● To do
Go to the line in the entries below that holds "2015_09_24_lhk_parlamento_014.jpg" and repeat exactly from there through the line that holds "Turmeric and Panko", inclusive.

BEGIN Supplied entries

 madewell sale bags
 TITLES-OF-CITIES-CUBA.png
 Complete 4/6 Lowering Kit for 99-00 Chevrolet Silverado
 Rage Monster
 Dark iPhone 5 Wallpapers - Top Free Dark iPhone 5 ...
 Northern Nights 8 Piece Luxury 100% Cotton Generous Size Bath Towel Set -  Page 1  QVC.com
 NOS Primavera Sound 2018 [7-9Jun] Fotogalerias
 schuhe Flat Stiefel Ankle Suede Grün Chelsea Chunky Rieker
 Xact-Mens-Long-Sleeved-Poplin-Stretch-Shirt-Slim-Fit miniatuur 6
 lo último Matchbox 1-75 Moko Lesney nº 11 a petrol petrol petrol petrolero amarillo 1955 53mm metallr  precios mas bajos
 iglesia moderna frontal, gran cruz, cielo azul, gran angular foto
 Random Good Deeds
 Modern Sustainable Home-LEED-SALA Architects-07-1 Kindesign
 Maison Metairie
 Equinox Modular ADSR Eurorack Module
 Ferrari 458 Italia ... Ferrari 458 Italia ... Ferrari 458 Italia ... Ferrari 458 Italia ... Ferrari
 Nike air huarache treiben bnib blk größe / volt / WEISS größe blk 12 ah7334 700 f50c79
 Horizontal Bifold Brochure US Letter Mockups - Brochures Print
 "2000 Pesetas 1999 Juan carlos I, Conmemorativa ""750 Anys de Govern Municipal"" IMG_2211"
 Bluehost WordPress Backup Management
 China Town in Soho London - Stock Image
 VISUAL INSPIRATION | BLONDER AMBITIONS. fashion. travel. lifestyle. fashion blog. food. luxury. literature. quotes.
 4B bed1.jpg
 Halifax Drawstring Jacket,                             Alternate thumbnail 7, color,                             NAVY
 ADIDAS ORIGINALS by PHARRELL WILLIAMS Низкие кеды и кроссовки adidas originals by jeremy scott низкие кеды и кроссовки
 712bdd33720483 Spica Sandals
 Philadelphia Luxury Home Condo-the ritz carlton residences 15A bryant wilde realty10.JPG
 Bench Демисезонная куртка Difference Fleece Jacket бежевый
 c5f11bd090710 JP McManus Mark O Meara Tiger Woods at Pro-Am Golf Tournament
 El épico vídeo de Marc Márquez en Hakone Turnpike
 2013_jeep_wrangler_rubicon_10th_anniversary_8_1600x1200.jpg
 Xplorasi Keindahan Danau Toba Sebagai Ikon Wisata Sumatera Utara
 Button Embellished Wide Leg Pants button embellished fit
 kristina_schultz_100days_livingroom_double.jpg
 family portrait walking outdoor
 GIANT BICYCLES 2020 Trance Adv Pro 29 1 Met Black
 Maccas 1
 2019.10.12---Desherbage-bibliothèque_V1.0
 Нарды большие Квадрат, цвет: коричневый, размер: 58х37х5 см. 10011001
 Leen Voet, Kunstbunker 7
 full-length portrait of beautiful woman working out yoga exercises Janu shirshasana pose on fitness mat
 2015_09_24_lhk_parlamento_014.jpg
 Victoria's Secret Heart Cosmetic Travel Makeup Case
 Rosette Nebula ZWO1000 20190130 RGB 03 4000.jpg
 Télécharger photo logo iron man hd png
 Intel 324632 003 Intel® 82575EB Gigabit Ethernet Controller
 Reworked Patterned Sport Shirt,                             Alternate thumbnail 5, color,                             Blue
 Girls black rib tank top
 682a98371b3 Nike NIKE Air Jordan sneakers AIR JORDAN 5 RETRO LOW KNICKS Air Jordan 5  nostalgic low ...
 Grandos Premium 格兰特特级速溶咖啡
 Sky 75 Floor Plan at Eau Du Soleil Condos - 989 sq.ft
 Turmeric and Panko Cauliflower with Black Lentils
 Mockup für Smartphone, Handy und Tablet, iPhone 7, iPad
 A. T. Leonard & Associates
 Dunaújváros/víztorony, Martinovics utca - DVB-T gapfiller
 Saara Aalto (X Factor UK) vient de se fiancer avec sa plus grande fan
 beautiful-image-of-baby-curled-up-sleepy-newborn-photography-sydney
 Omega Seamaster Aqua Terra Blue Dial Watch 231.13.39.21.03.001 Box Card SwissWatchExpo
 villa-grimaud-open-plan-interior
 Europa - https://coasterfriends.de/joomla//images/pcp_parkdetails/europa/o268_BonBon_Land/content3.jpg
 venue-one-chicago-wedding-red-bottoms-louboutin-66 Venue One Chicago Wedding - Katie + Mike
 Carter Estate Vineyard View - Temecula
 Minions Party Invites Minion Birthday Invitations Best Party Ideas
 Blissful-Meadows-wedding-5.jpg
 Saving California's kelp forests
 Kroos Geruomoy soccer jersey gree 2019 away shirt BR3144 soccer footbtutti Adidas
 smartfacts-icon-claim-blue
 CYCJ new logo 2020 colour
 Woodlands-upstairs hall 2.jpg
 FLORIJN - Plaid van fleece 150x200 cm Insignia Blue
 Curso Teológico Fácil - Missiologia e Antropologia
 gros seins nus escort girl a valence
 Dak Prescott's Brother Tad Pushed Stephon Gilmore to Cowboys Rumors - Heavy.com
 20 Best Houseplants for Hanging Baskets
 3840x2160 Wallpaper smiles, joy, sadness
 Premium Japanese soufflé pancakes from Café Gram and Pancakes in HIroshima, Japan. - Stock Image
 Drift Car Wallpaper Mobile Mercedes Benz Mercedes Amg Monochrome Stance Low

END Supplied entries

● Task output
 2015_09_24_lhk_parlamento_014.jpg
 Victoria's Secret Heart Cosmetic Travel Makeup Case
 Rosette Nebula ZWO1000 20190130 RGB 03 4000.jpg
 Télécharger photo logo iron man hd png
 Intel 324632 003 Intel® 82575EB Gigabit Ethernet Controller
 Reworked Patterned Sport Shirt,                             Alternate thumbnail 5, color,                             Blue
 Girls black rib tank top
 682a98371b3 Nike NIKE Air Jordan sneakers AIR JORDAN 5 RETRO LOW KNICKS Air Jordan 5  nostalgic low ...
 Grandos Premium 格兰特特级速溶咖啡
 Sky 75 Floor Plan at Eau Du Soleil Condos - 989 sq.ft
 Turmeric and Panko Cauliflower with Black Lentils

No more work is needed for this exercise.